The highest praise I can give a superhero movie is that it makes me forget about its ten-cent-comic-book soul. “The Dark Knight,” unlike its superior predecessor, has some absurdly improbable scheming and sputtering one-liners. It also lacks the chord of ancient evil struck in “Batman Begins.”
But summer blockbusters don’t get much better than Batman on his new mega-cycle barreling down a Gotham highway straight at the Joker and his 18-wheeler, or the caped one hurling himself out of the window of a skyscraper to first catch a falling body, then worry about landing. When Batman needs to turn his bike around, he runs it up the side of a building.
Not least among the welcome features of the new edition, which ventures into shadowlands unknown to “Spider-Man” and the rest, is its references to “the bat man,” a distancing touch. He’s not one of us, someone you’re on a first-name basis with. He is a weird loner who doesn’t care what you think of him. Batman is obsessed, unrepentant and excessive. Batman is cool.
The hard-charging set pieces, photographed in extravagantly moody splendor, come with implicit commentary on Guantanamo, wiretapping, the indispensability of propaganda, the age of terrorism and faith. There’s even a mention of the corrupting possibilities of healthcare costs. “The Dark Knight” benches a lot of weight for an action flick.

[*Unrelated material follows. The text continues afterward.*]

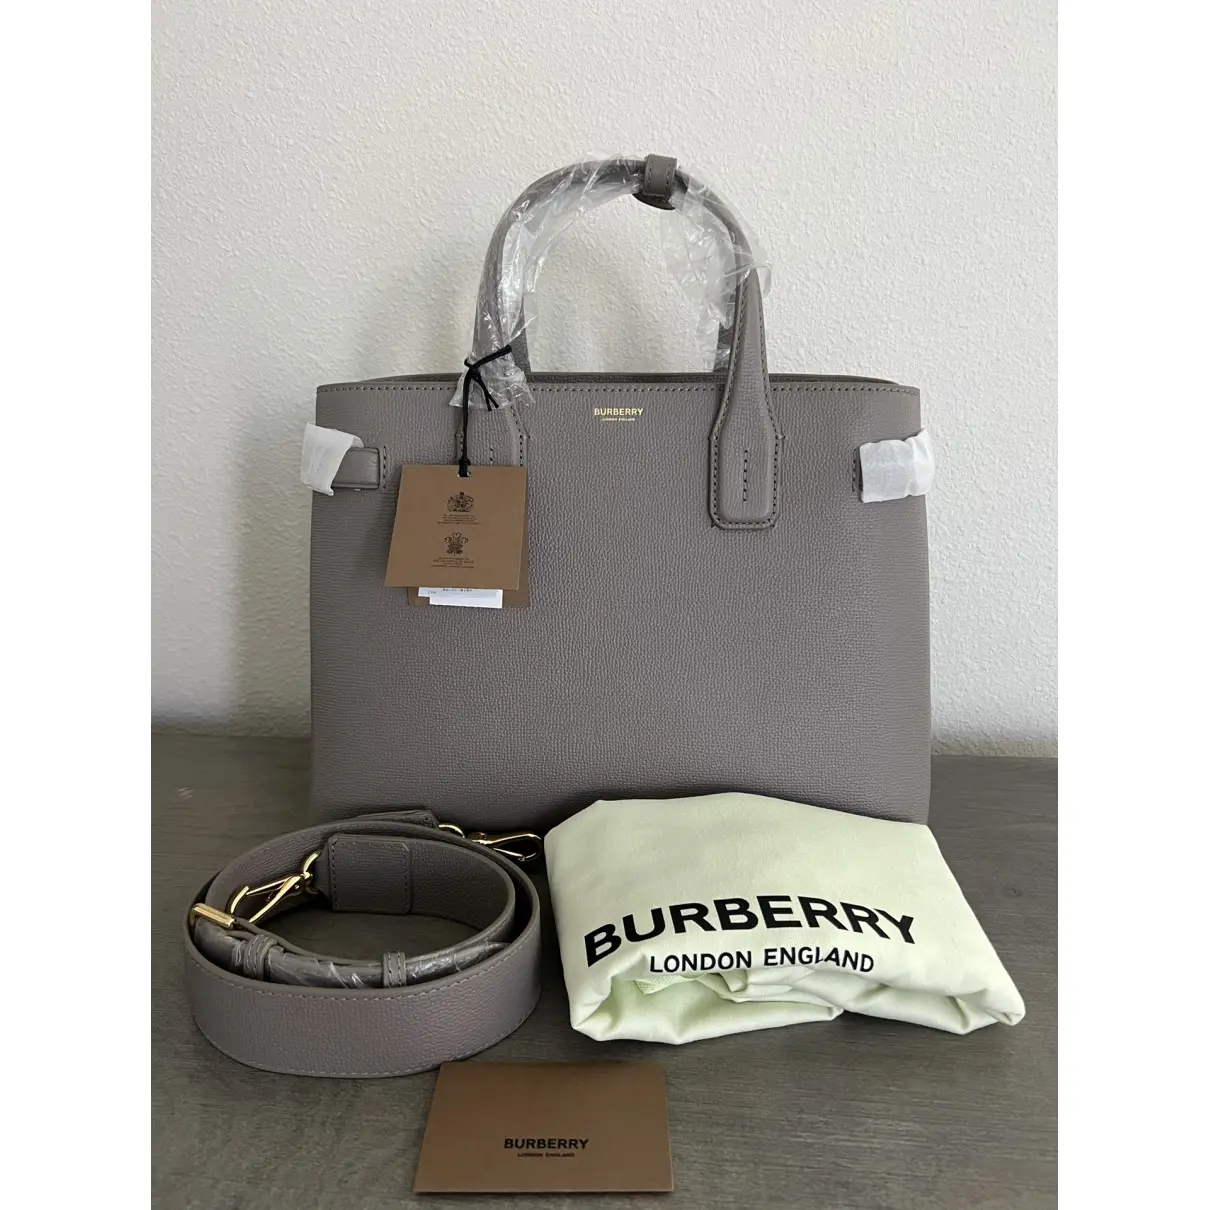 Buy Burberry Leather satchel online

It creates an experience either less fun or less silly, depending on your taste, than, say, “Iron Man.”
Christian Bale’s Bruce Wayne has lost his girl Rachel (Maggie Gyllenhaal, replacing Katie Holmes) to the arms of the ambitious new D.A. Harvey Dent (Aaron Eckhart). Dent has the grin of an infomerical pitchman but an impressive record of rounding up criminals, and Batman considers handing over to him the leadership of the Gotham crime-fighting business. That could carry the added benefit of winning back his girl, who insists she can’t be with Bruce until it’s no longer necessary for him to be Batman.
Enter a wild card.
Bale is nobody’s patsy. When Dent talks about attending a dance performance with Rachel, Bale’s dry delivery neatly cuts him down with the line, “So, you’re into ballet?”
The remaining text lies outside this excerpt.